We were walking through Menards (like Home Depot, for those of you not in Menards-land)  and passed a sign that read “Happiness is not a destination. It is a way of life.” This immediately made me think of my best friend since the time I was three. This saying was what she had chosen to put in her yearbook under her picture. Somehow, forty years later, because I am ridiculously thready, I still remembered this. What was really funny was that when she and her husband visited this summer, she didn’t remember this at all. (I believe she just set about to live it.) These days we are surrounded by sayings and words of inspiration on Facebook, Instagram, Twitter, Menards. Sometimes they feel trite. But that’s only because they are so prevalent. They are no less real. No less worthy. They just flatten out because we see so much of them. We tend to not notice as deeply anymore. Happiness is not a destination. It is a way of life.

Sally’s momma’s farmhouse is for sale. Although, with a deep root there, she is able to find her way around the rooms, she doesn’t recognize it as hers anymore because she is in the throes of dementia. So when they were there, Sally said her momma saw the for sale sign and told Sally she’d like to buy it. Sally explained that then her momma would be far away – hours -from her grown children and they wouldn’t be able to be with her. She asked her momma what she would do all day. “Play the piano,” she said. “I’d play the piano.” Joy is not really complicated.

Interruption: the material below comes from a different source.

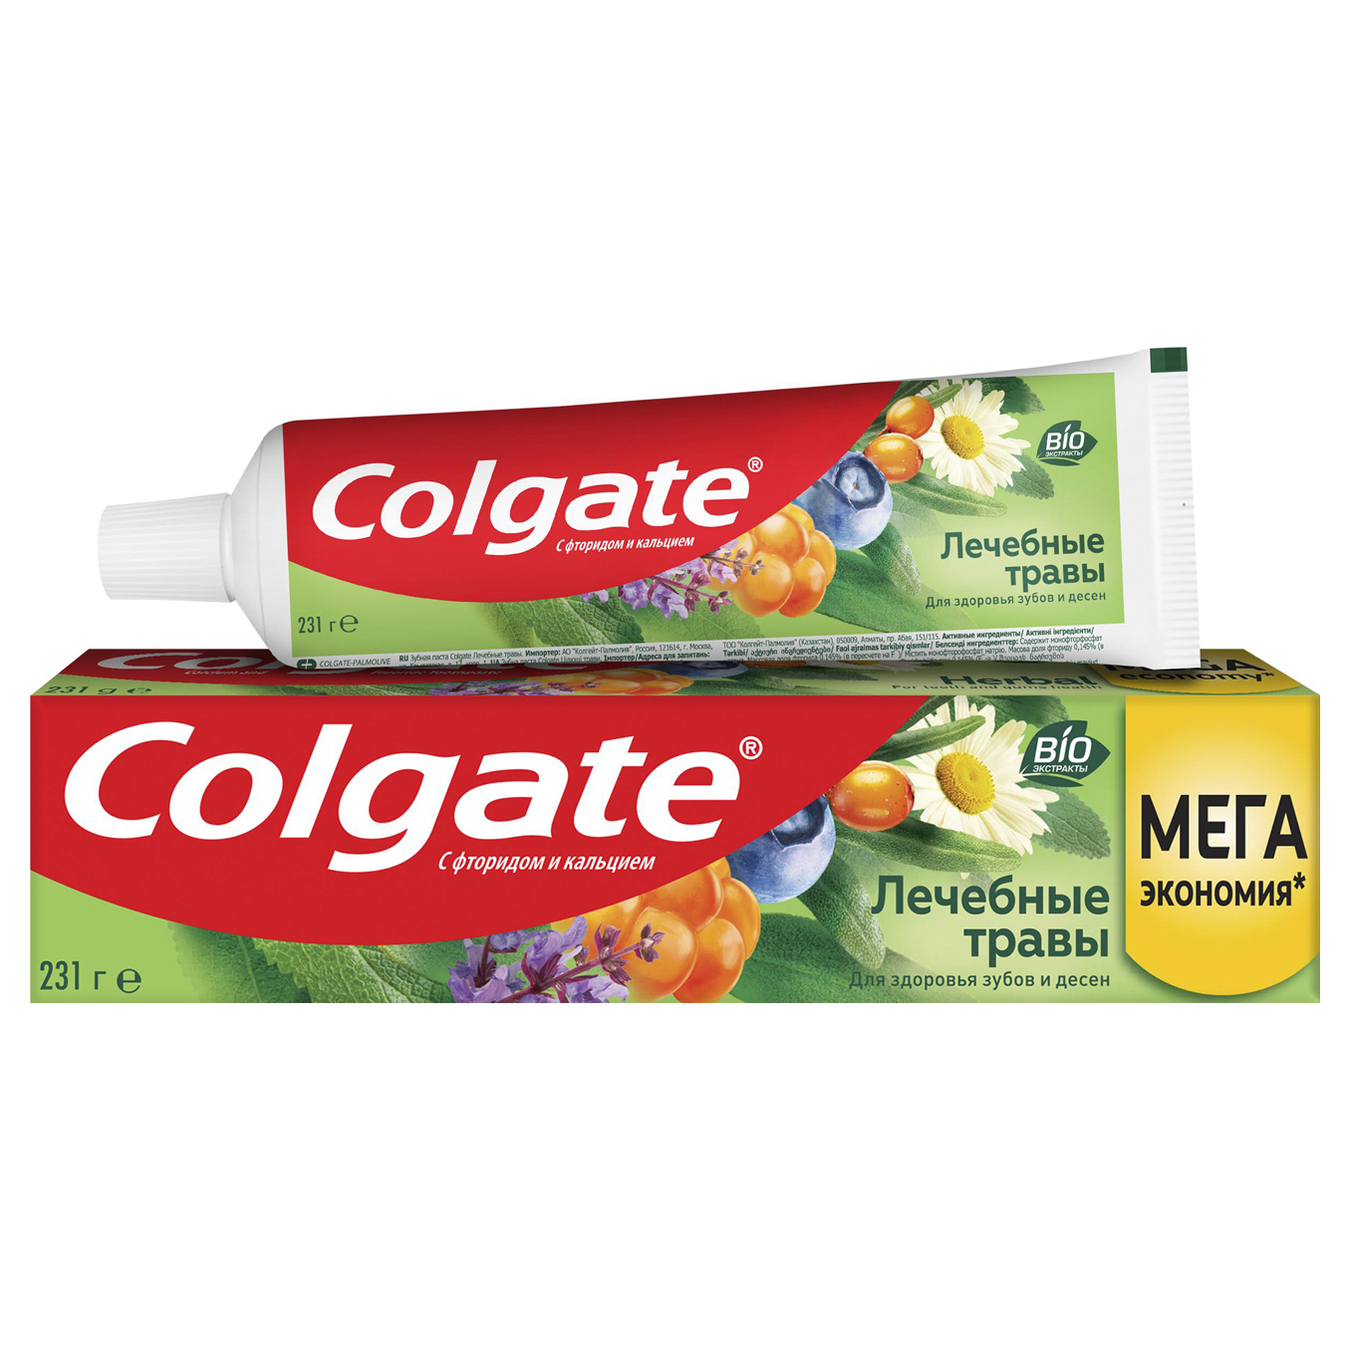 Colgate Healing Herbs Toothpaste 150ml 2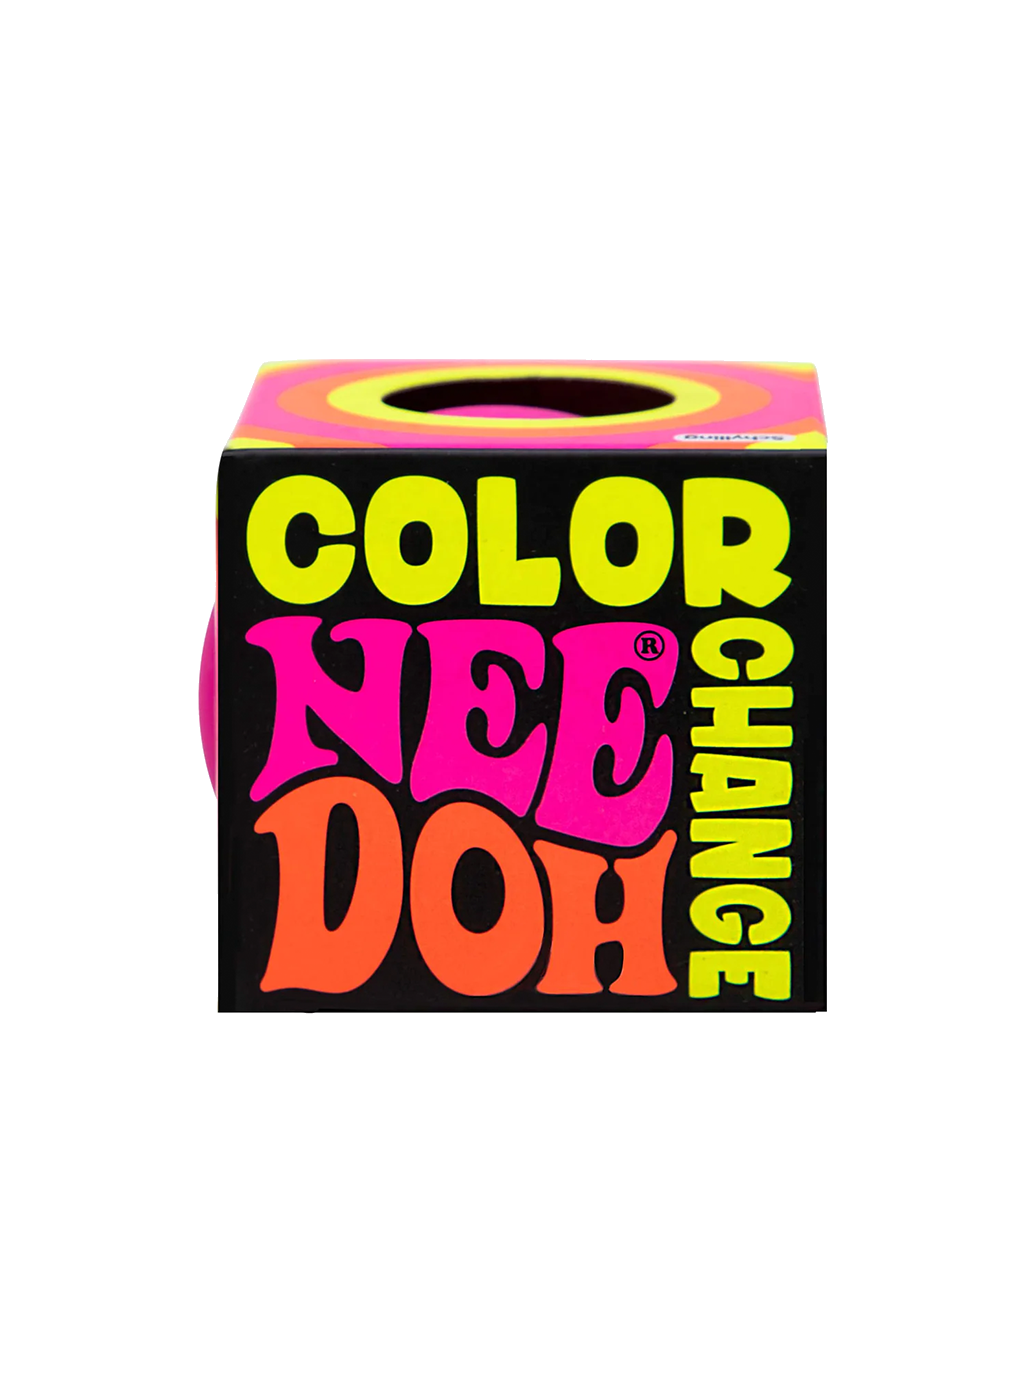 The color change NeeDoh

I read a striking CNN article about Hurricane Harvey and a man named Mr. Harding. I want to share part of it with you:
One of his sons is an avid piano player and was concerned the family’s piano would be destroyed by flood water. When Mr. Harding found the water hadn’t covered the piano, he sat down and began to play. “I decided to take a moment and play and take it all in,” he told CNN on Thursday. He posted the video of the moment on Instagram with the caption, “I think it’s all finally sinking in a little. What we used to have going as a city is gone. I really think God is going to do something completely new here. I am excited to see the new beauty in the suffering.” Joy.

Early yesterday morning we sat in bed, sipping coffee, early morning sunshine streaming in the windows, a cool breeze crossing the room. We could hear the birds, the squirrels, the sounds of our sweet neighbors John and Michele clinking silverware and plates, making breakfast. Babycat and Dogdog laid on the bed snoring. IMG_0024No matter the worries or sadnesses, challenges or problems that would befall us in the day or days to come, that moment was a picture of JOY.  A view-master snapshot of what is in our very fibre if we notice. Our God-given right. Our God-given responsibility.